FOUR
FOUR
EOGHAN
A WEEK LATER
She stretched when Charlie finally stopped pulling and decided to piss against the statue in the small park opposite our building, twisting her waist slightly as if her back were aching.
Half my focus on her, I checked our surroundings, squinting around the high-rises in search of sights glinting in the light.
“Want a massage when we get in?” I asked her quietly.
“A nice one or a torture one?”
I hid my smirk. “Deep tissue isn’t torture.”
“It is,” she grumbled.
“That’s the only way to get the kinks out.”
Her nose curled. “I’d prefer a nice one. With a happy ending?”
“You always get a happy ending,” I pointed out.
Her smile lit up her eyes. “I’m living the fairytale life, aren’t I?”

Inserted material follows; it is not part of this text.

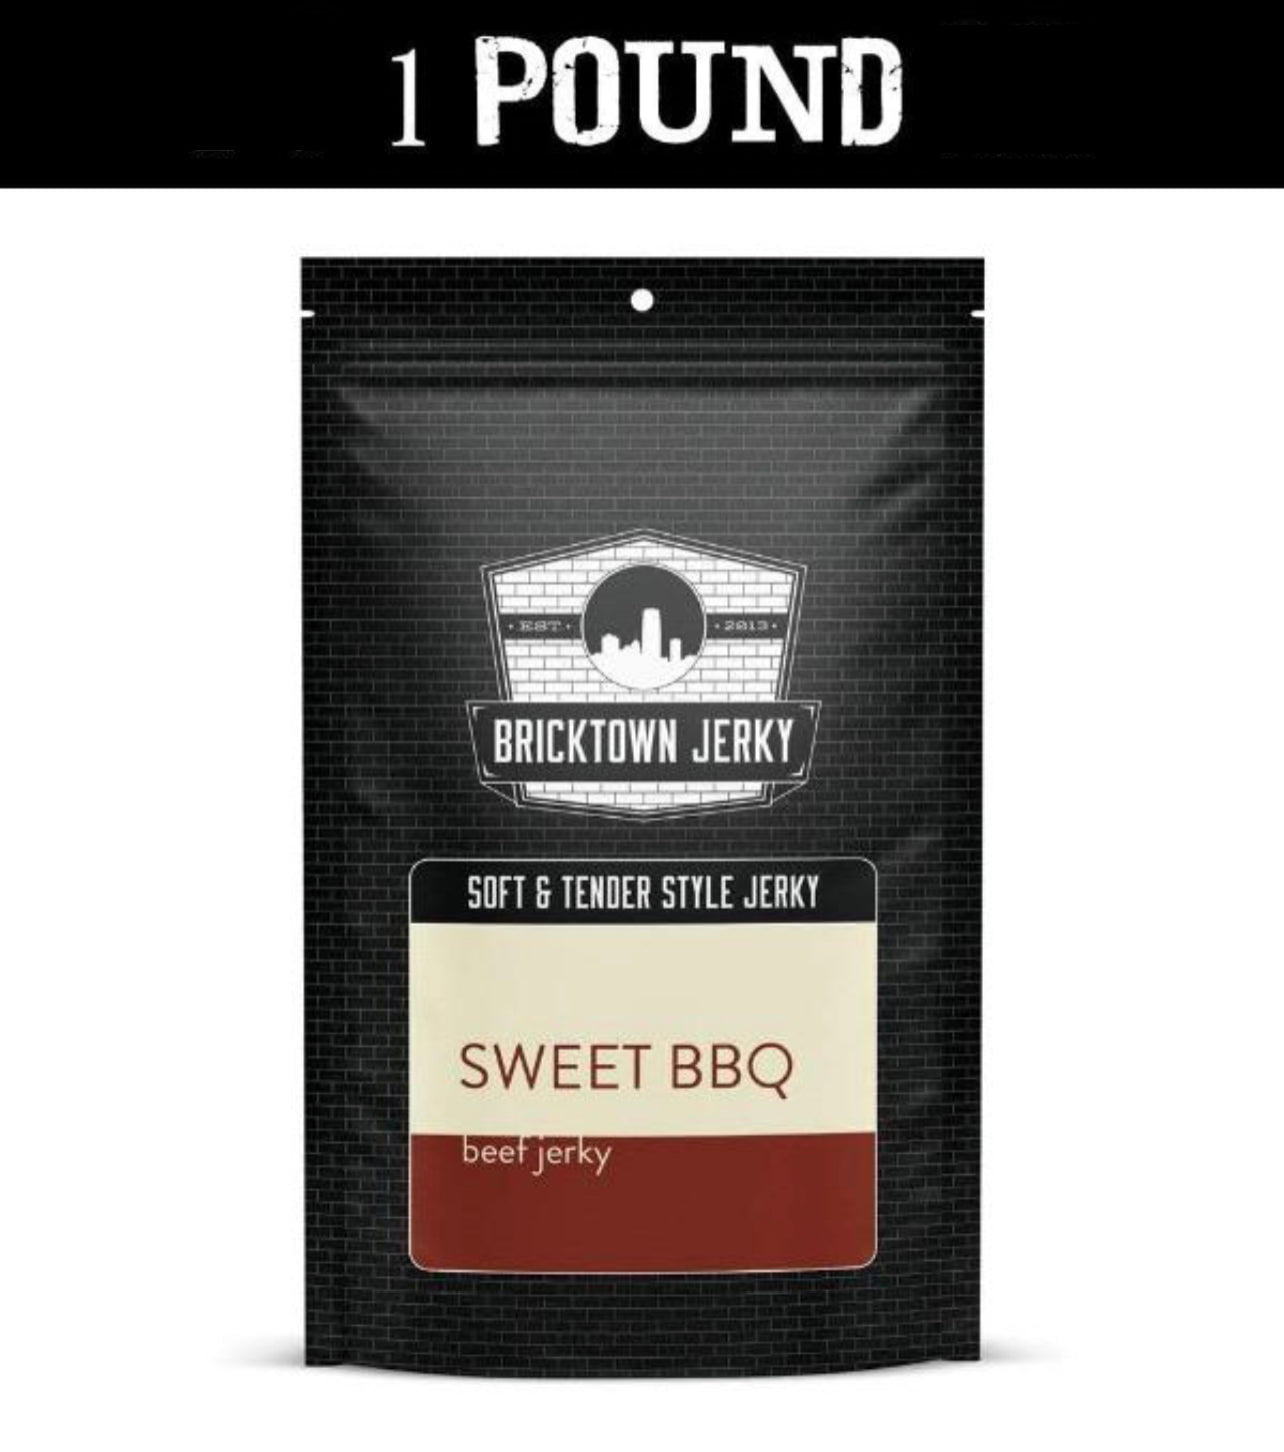 Soft and Tender Style Beef Jerky - Sweet BBQ - 1 Pound by Bricktown Jerky

When I snorted out a laugh, she stepped away from Charlie’s public urinal and slipped her hand into mine.
“See any snipers?”
“No. You’re safe.”
Nessa hummed and said, “I always am when I’m with you.”
For some reason, her words rankled and had me thinking about this morning. About the nightmare that had woken me up.

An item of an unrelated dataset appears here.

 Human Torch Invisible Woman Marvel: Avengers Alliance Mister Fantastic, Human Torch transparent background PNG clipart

I didn’t know where the words came from, but I blurted out, “You know if I was a danger to you, I’d leave, don’t you?”
She tensed. “What?”
Not letting me answer, she grabbed the lapels of my coat and tugged on them until I was no longer scanning the buildings but looking down at her again. “Say that with your eyes looking into mine.”
I didn’t bother blinking, just said, “I won’t be like my father, Inessa. I won’t be the albatross around your neck.”
Her brow puckered. “Who said you would be? You’re nothing like your father.”
“Why? Because I let you out of the house?” I mocked.
“You let me go to school, Eoghan. Even though, every time I left the penthouse, I know it killed you to let me go. You did it anyway.”
I glanced back at the skyscrapers, not just because I had to keep scanning the perimeter, but because I didn’t want her to read my expression.
But she still tugged on my lapels.
“Are you going to stop me from starting up my business?”
“No,” I ground out. “Ma worked though. You forget that.”